I think a published update to MD5 security considerations should clearly say
what it's still fine to do with MD5, in addition to what it's not safe to do.
This would mean adding a couple sentences, and that's about all it would really
take to be clear on the issue:
"Since RFC 1321 was published, MD5 found popular use in checksuming large file
transfers. This use of MD5 is still reasonable, as the level of collision
resistance is of less importance in this application and MD5 may be
significantly more efficient than cryptographically stronger algorithms.
Communications, networking, and storage systems prone to errors (e.g. due to
faulty hardware, drivers, bit-errors, faulty NAT/ALG algorithms, etc) do not
implement the known MD5 collision-finding algorithms, and MD5 remains highly
effective at detecting such errors."
Sent: Wednesday, December 08, 2010 6:33 PM
To: Eddy, Wesley M. (GRC-MS00)[ASRC AEROSPACE CORP]

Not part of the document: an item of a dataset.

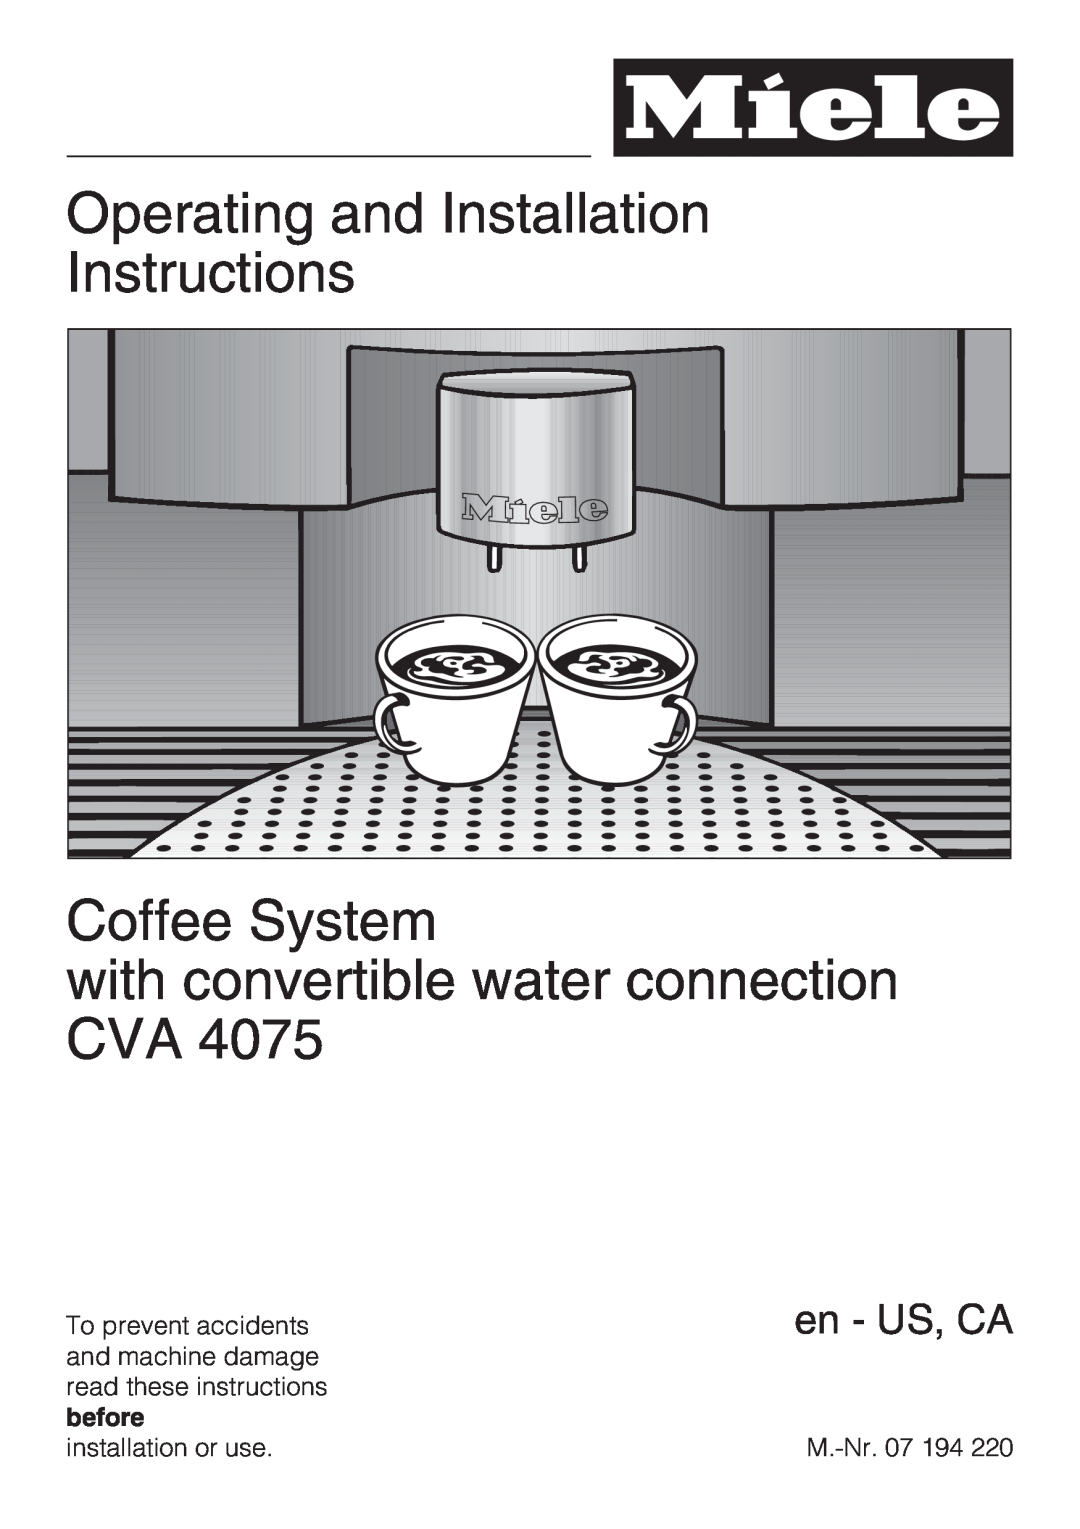 Miele CVA4075 installation instructions Operating and Installation Instructions, Coffee System, before, en - US, CA

Cc: L(_dot_)Wood(_at_)surrey(_dot_)ac(_dot_)uk; wes(_at_)mti-systems(_dot_)com;
Subject: Re: Last Call: <draft-turner-md5-seccon-update-07.txt> (Updated
Security Considerations for the MD5 Message-Digest and the HMAC-MD5 Algorithms)
to Informational RFC
In your previous mail you wrote:
The logic doesn't make sense in this position. "Crypto modules
can't use MD5, thus no protocols at all should use MD5."
=> this is a silly/bad/... consequence of the crypto label
attached to the MD5 name. I understand you are not happy with
this but what do you propose?
PS: BTW I'd like to apply the argument only to *new* protocols.